Methylene blue is primarily metabolized by UGT1A4 and UGT1A9 and to a lesser extent by CYP1A2, CYP2C19, and CYP2D6. Methylene blue inhibits CYP1A2, CYP2B6, CYP2C8, CYP2C19, CYP2D6, CYP3A4/5 in vitro (CYP2C9, CYP2D6, and CYP3A4/5 may be time-dependent inhibition), UGT1A9, UGT1A4, P-glycoprotein (P-gp), organic cation transporter (OCT) 2, multidrug and toxin extrusion (MATE) 1, and MATE2-K. Methylene blue induces CYP1A2.

Pregnancy

Methylene blue is contraindicated in women who are or may become pregnant. Methylene blue may cause fetal harm when administered during pregnancy. Epidemiologic evidence exists that methylene blue is a teratogen. Intra-amniotic injection of pregnant women with methylene blue during the second trimester was associated with neonatal intestinal atresia and fetal death. Methylene blue should not be administered during amniocentesis due to the risk of teratogenicity and other newborn adverse effects. Intra-amniotic injection of methylene blue hours to days prior to birth can result in hyperbilirubinemia, hemolytic anemia, skin staining, methemoglobinemia, respiratory distress, and photosensitivity in the neonate. If methylene blue is administered to a pregnant woman at term, monitor the neonate for adverse reactions. If methylene blue is used during pregnancy or if the patient becomes pregnant while taking this drug, advise the woman of the potential risk to the fetus.

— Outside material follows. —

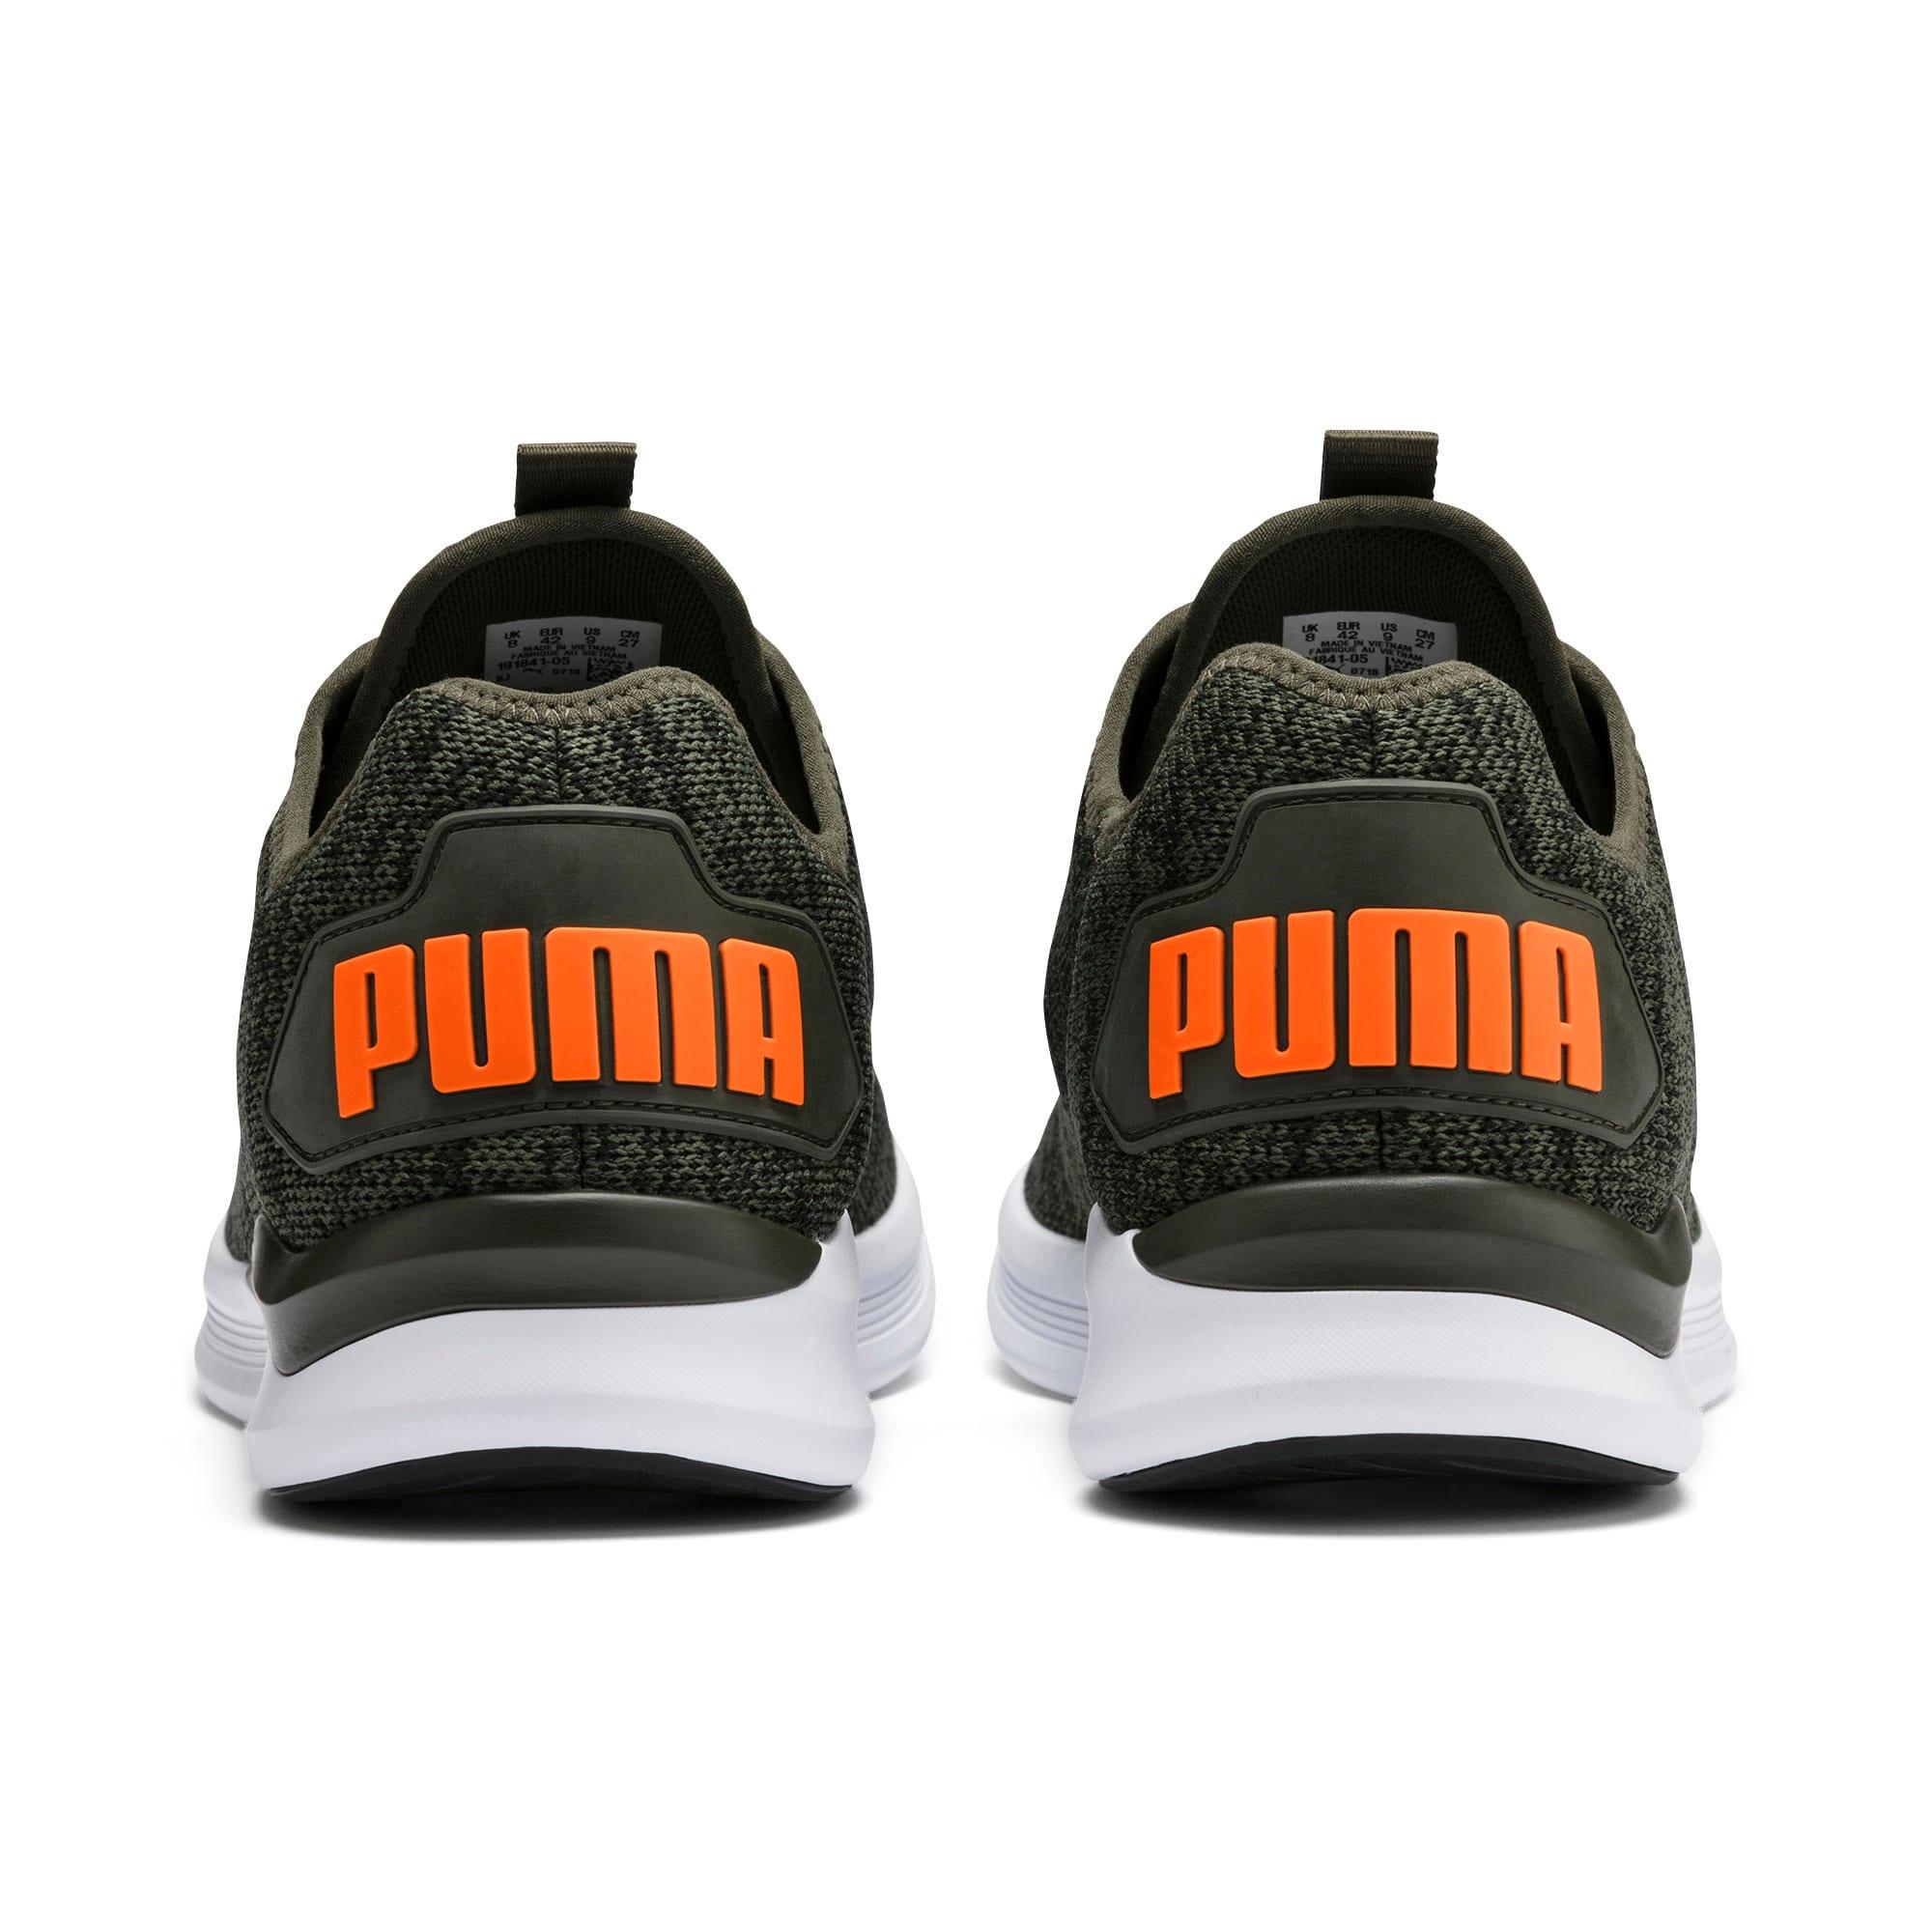 Thumbnail 5 of Ballast Men's Running Shoes, Forest Night-Black-Orange, medium-IND

There is no information regarding the presence of methylene blue in human milk, the effects on the breast-fed infant, or the effects on milk production. Discontinue breast-feeding during methylene blue administration and for up to 8 days after treatment with methylene blue due to the potential for serious adverse effects, including genotoxicity.